The canonical discriminant analysis yielded the weighting coefficients for nine items of the PDQ-J (Table 1). To define the SPDQ cutoff score for possible NeP-SD as ≥0, a constant term, derived as an optimized cutoff point, of −12 was defined to be added when scoring the SPDQ. To calculate the SPDQ total score, an item score of each SPDQ item, calculated by a PD-Q score multiplied by the weighting coefficient for the item, is added up for all nine SPDQ items, after which a constant value of 12 is subtracted from it.
For the SF-SPDQ, two items on electric shock-like pain and numbness were selected, and weighting coefficients for these items were obtained (Table 1).

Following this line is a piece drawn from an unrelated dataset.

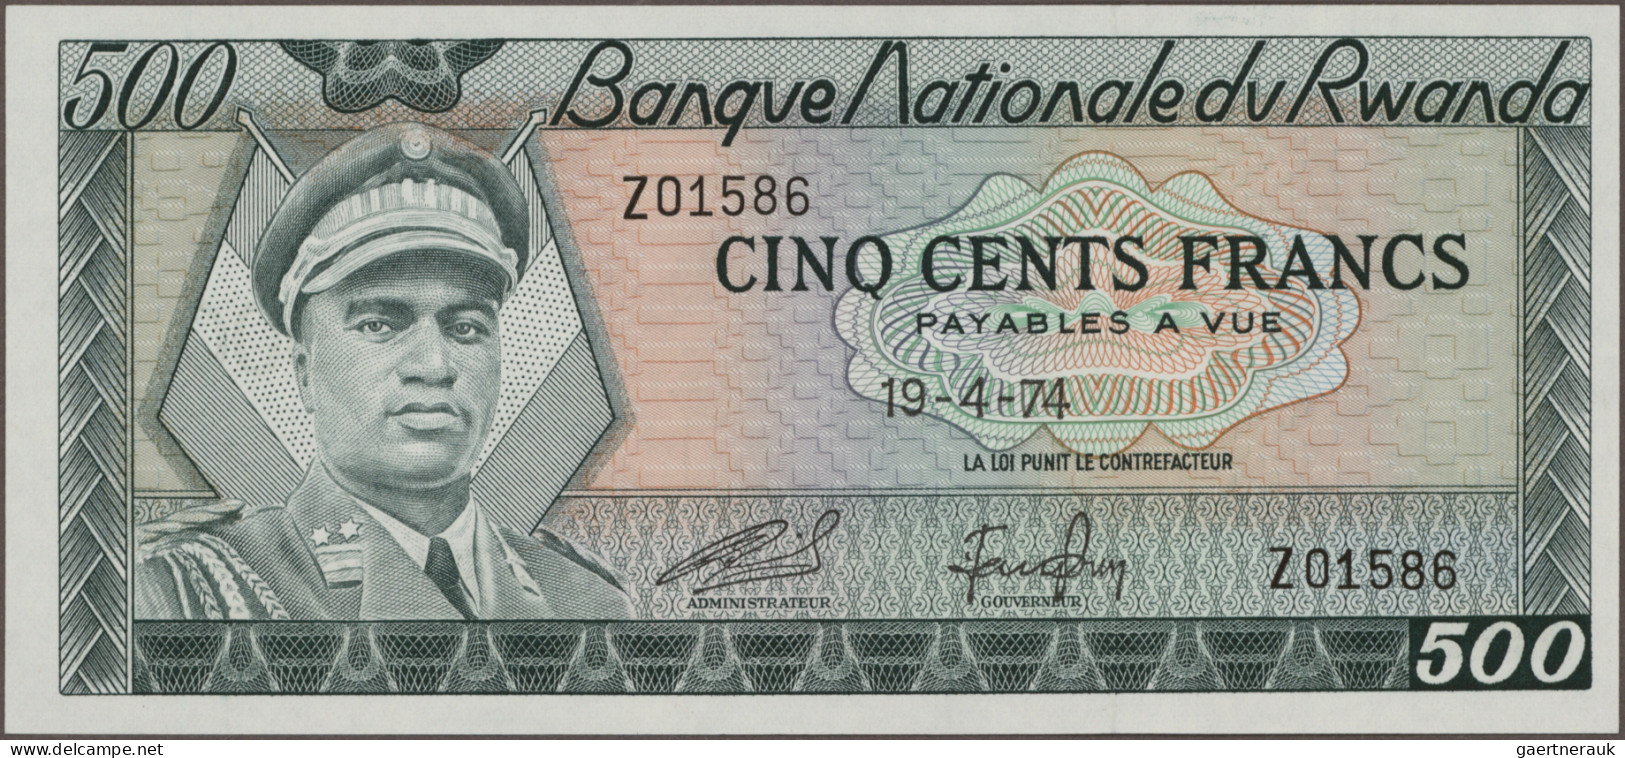 Rwanda: Banque Nationale Du Rwanda, Huge Lot With 26 Banknotes, Series 1964-2009 - Rwanda

Again, to define the cutoff score of the SF-SPDQ as ≥0 we set a constant term of −7, which was derived as an optimized cutoff point. The SF-SPDQ total score is calculated in the same manner as the SPDQ: an item score of each SF-SPDQ item, calculated by a PD-Q score multiplied by the weighting coefficient for the item, is added up for the two items of the SF-SPDQ, after which a constant value of 7 is subtracted from it.
For the SPDQ, the sensitivity for detecting NeP-SD was 78.8% (67/85 patients) and specificity for screening out NocP was 75.6% (34/45 patients) (Table 2). The AUC for discriminating patients with NeP-SD from those with NocP was 0.77, indicating moderate discriminant ability. For the SF-SPDQ the sensitivity was 82.4% (70/85 patients), specificity was 66.7% (30/45 patients), and AUC was 0.75. As a result, the SPDQ and SF-SPDQ, both of which have moderate utility as screening tools, were developed.

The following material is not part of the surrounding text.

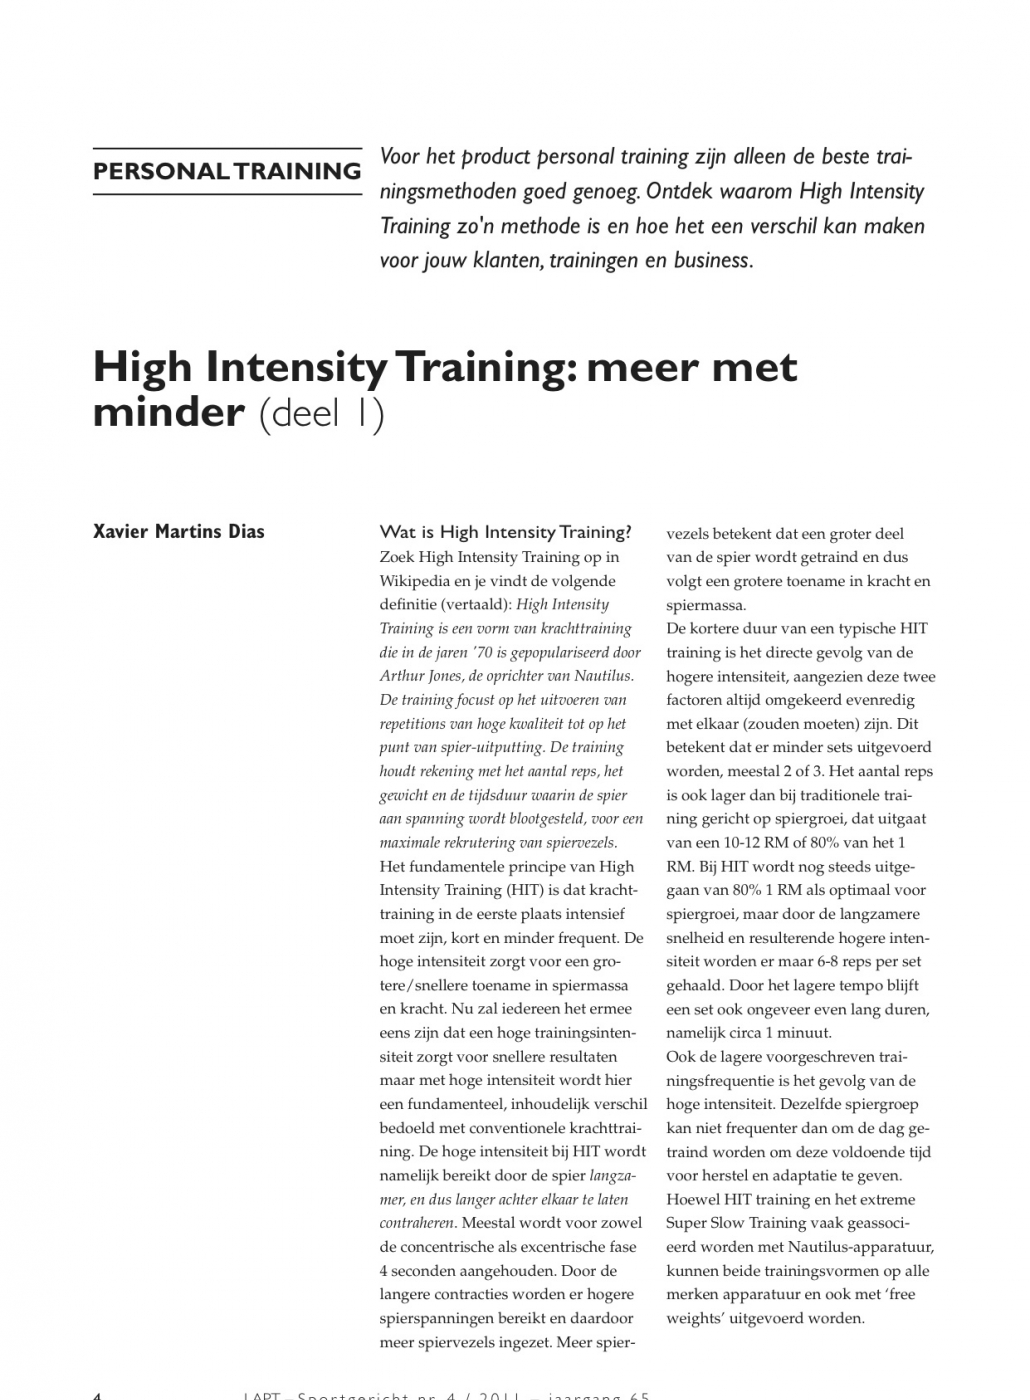 High intensity training: meer met minder (deel 1)

We obtained completed questionnaires from 29 patients with NeP-SD and 16 patients with NocP. The demographic and clinical characteristics of these patients and scores of self-report assessment measures are summarized for each group in Table 3. The mean age, BMI, and sex distribution were similar between the two groups. The mean (SD) NRS scores for current pain were 6.0 (1.8) in the NeP-SD group and 5.9 (1.6) in the NocP group. The mean NPSI scores were more than 10 points higher in the NeP-SD group than in the NocP group.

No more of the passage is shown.